## Action item
Could you repeat the listing below exactly while leaving its pictures behind?

## Exercise data
-=-=-=-=-

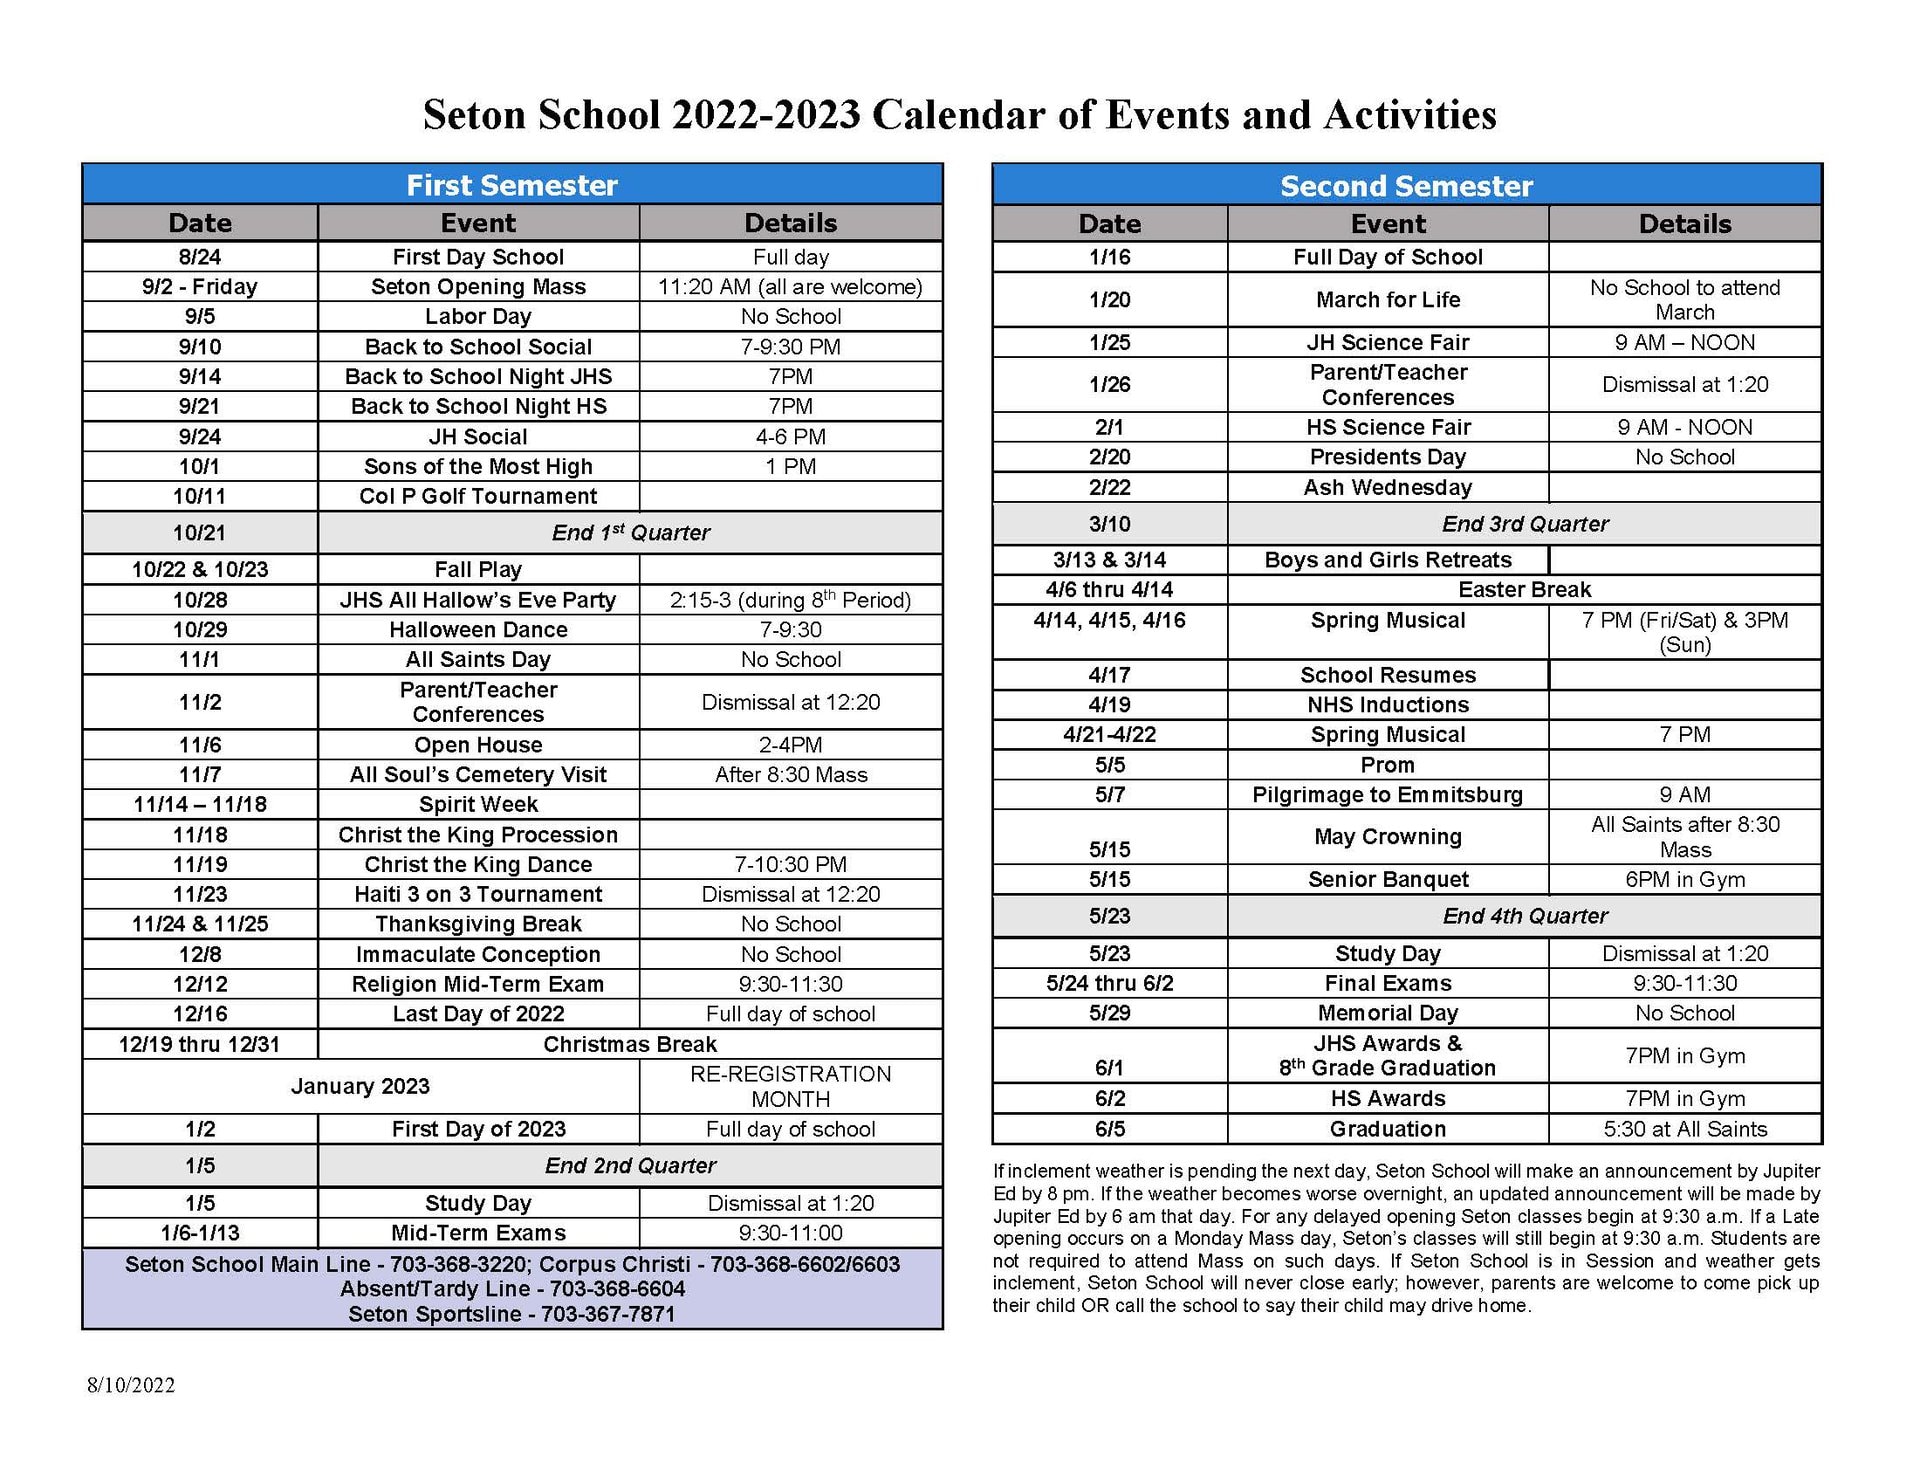 2022-2023-seton-school-calendar-of-events-and-activities-seton-school-manassas
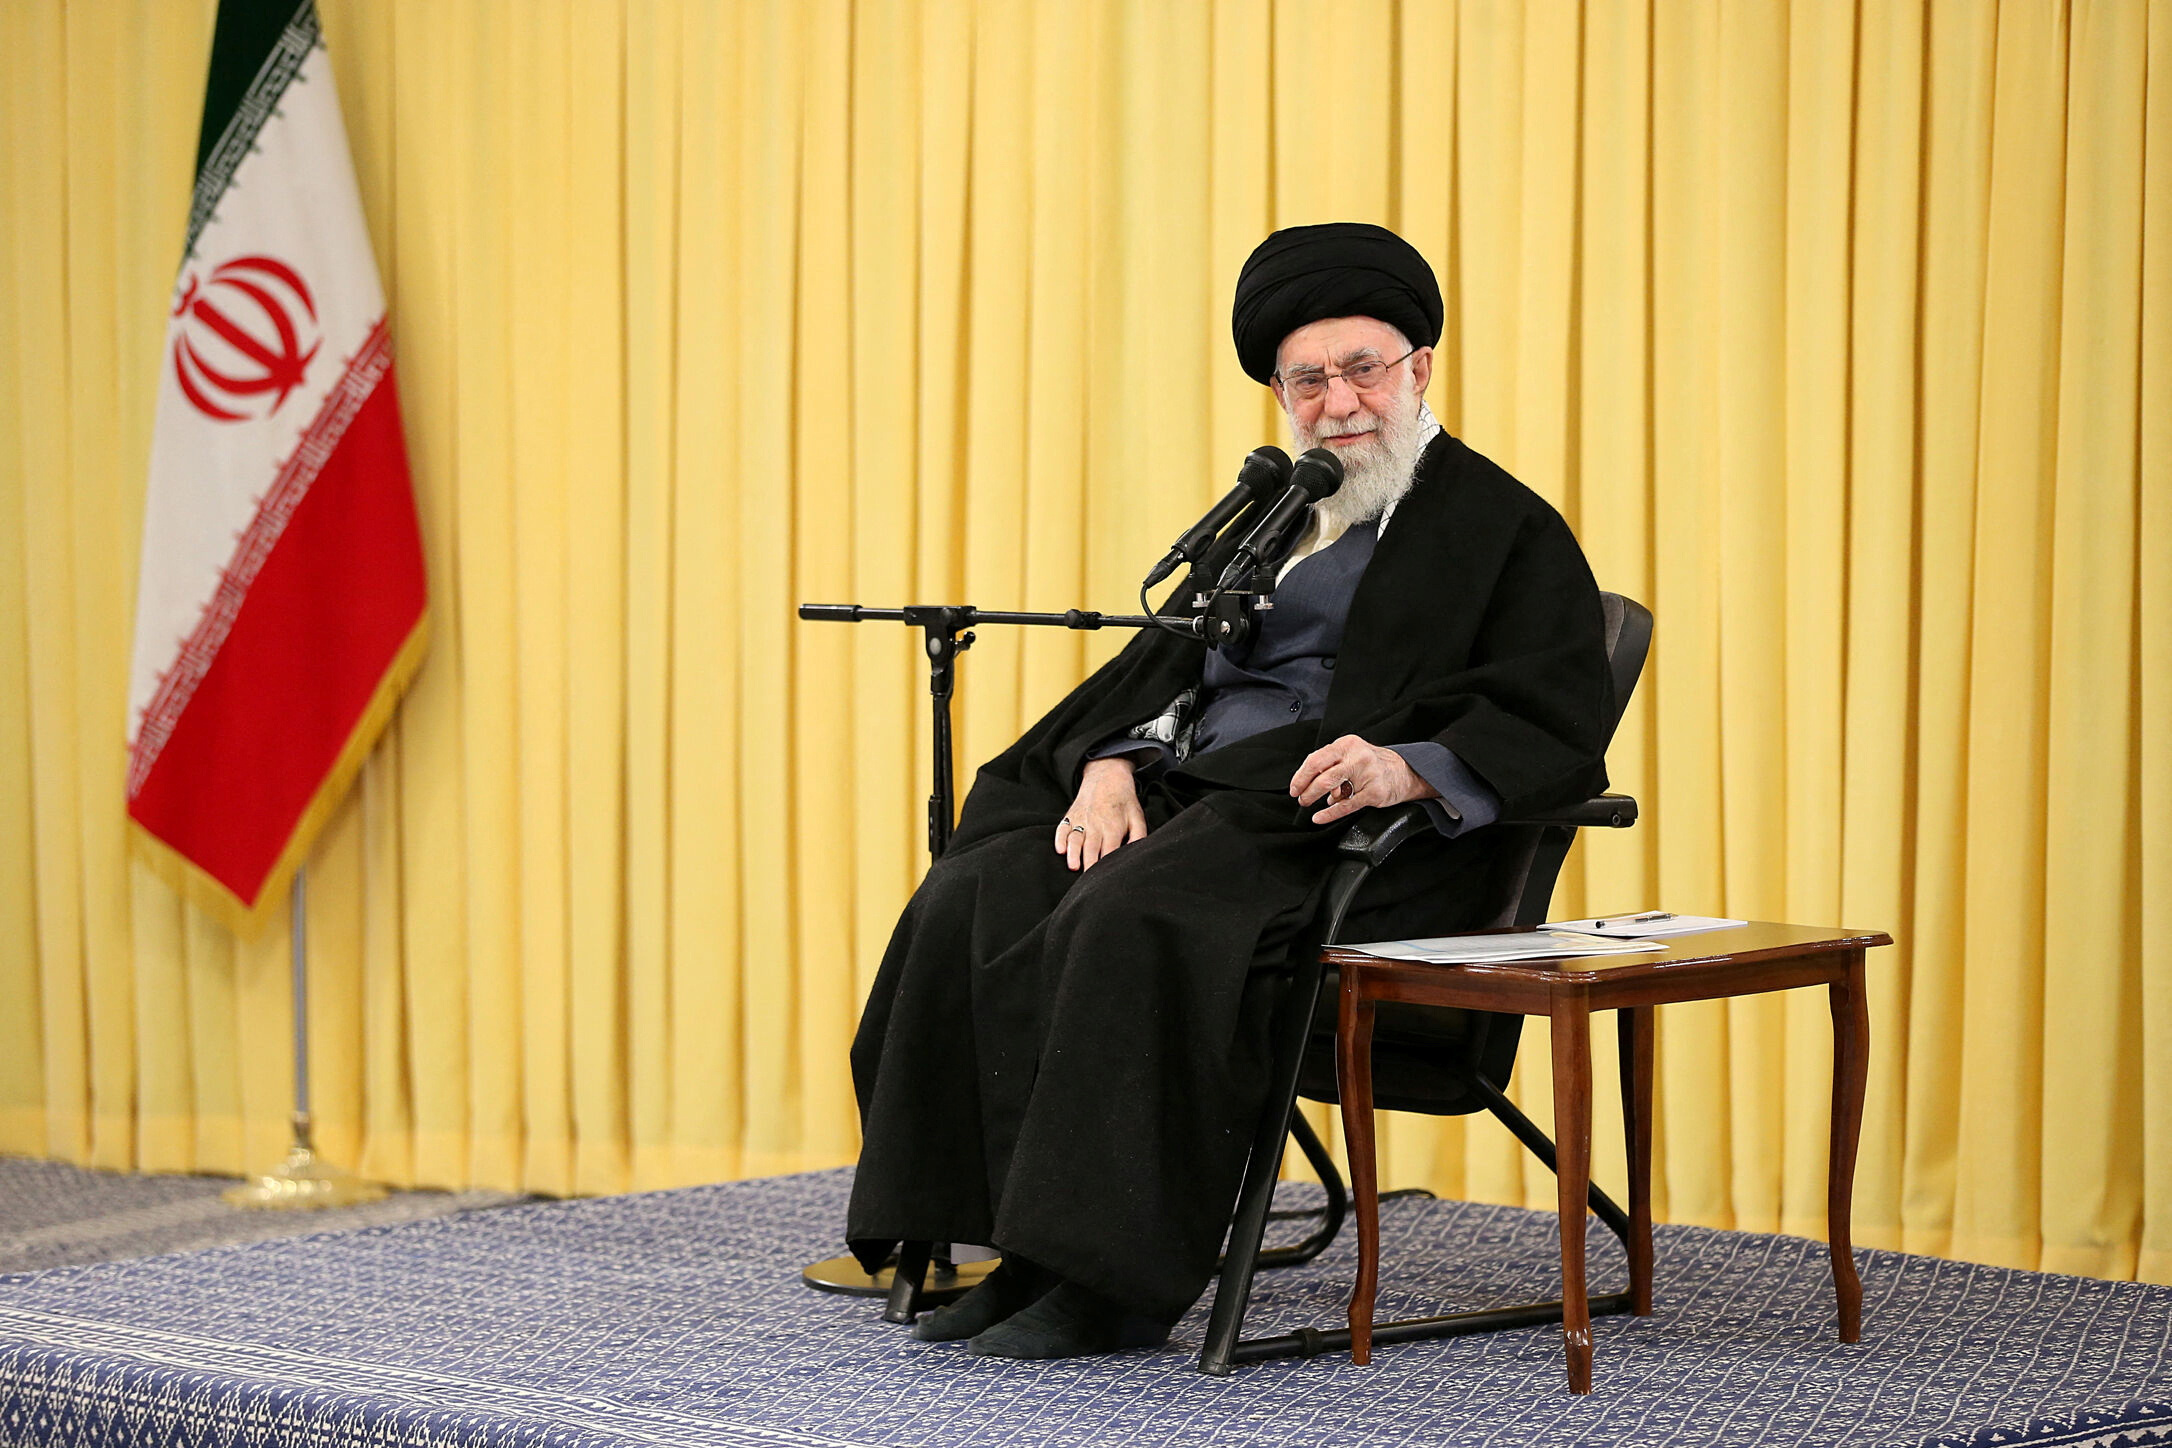 Iran's Supreme Leader Ayatollah Ali Khamenei prays during a meeting with a group of girls in Tehran
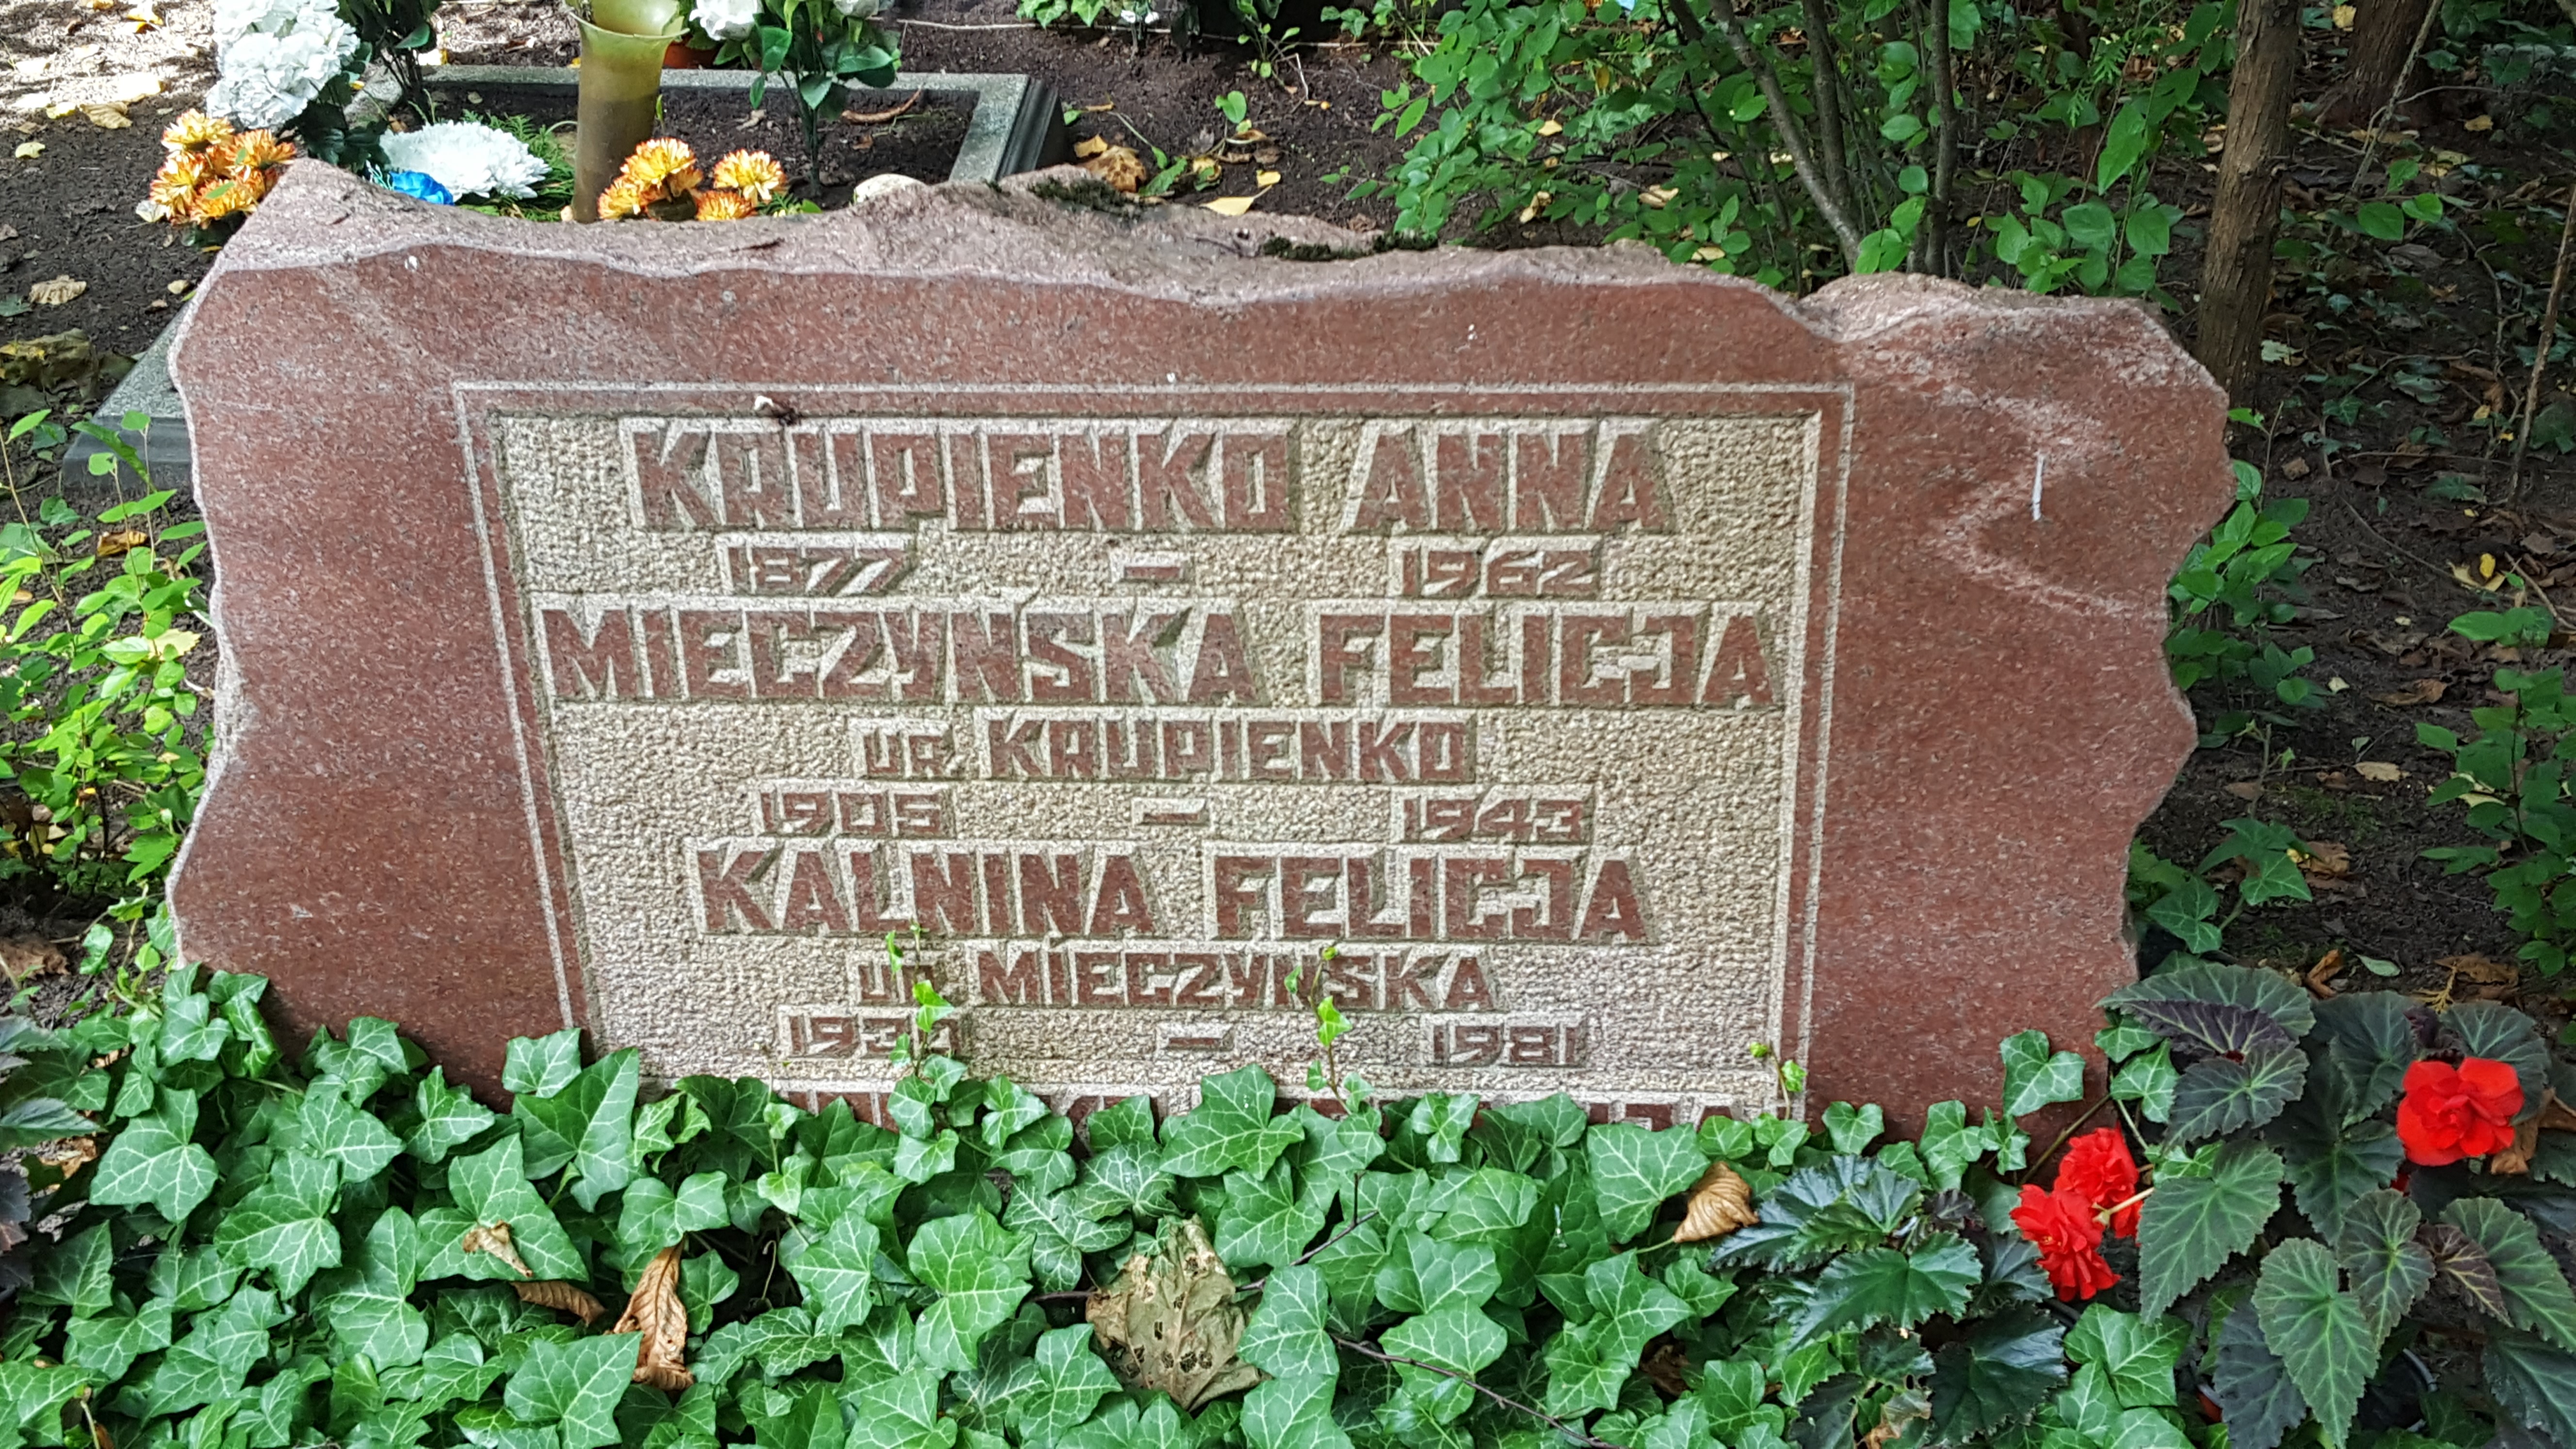 Inscription from the gravestone of Felicia Kalnina, Anna Krupienko, Felicia Mieczynska, St Michael's cemetery in Riga, as of 2021.

-=-=-=-=-

## Solution for this exercise
 2022-2023-seton-school-calendar-of-events-and-activities-seton-school-manassas
 Iran's Supreme Leader Ayatollah Ali Khamenei prays during a meeting with a group of girls in Tehran
 Inscription from the gravestone of Felicia Kalnina, Anna Krupienko, Felicia Mieczynska, St Michael's cemetery in Riga, as of 2021.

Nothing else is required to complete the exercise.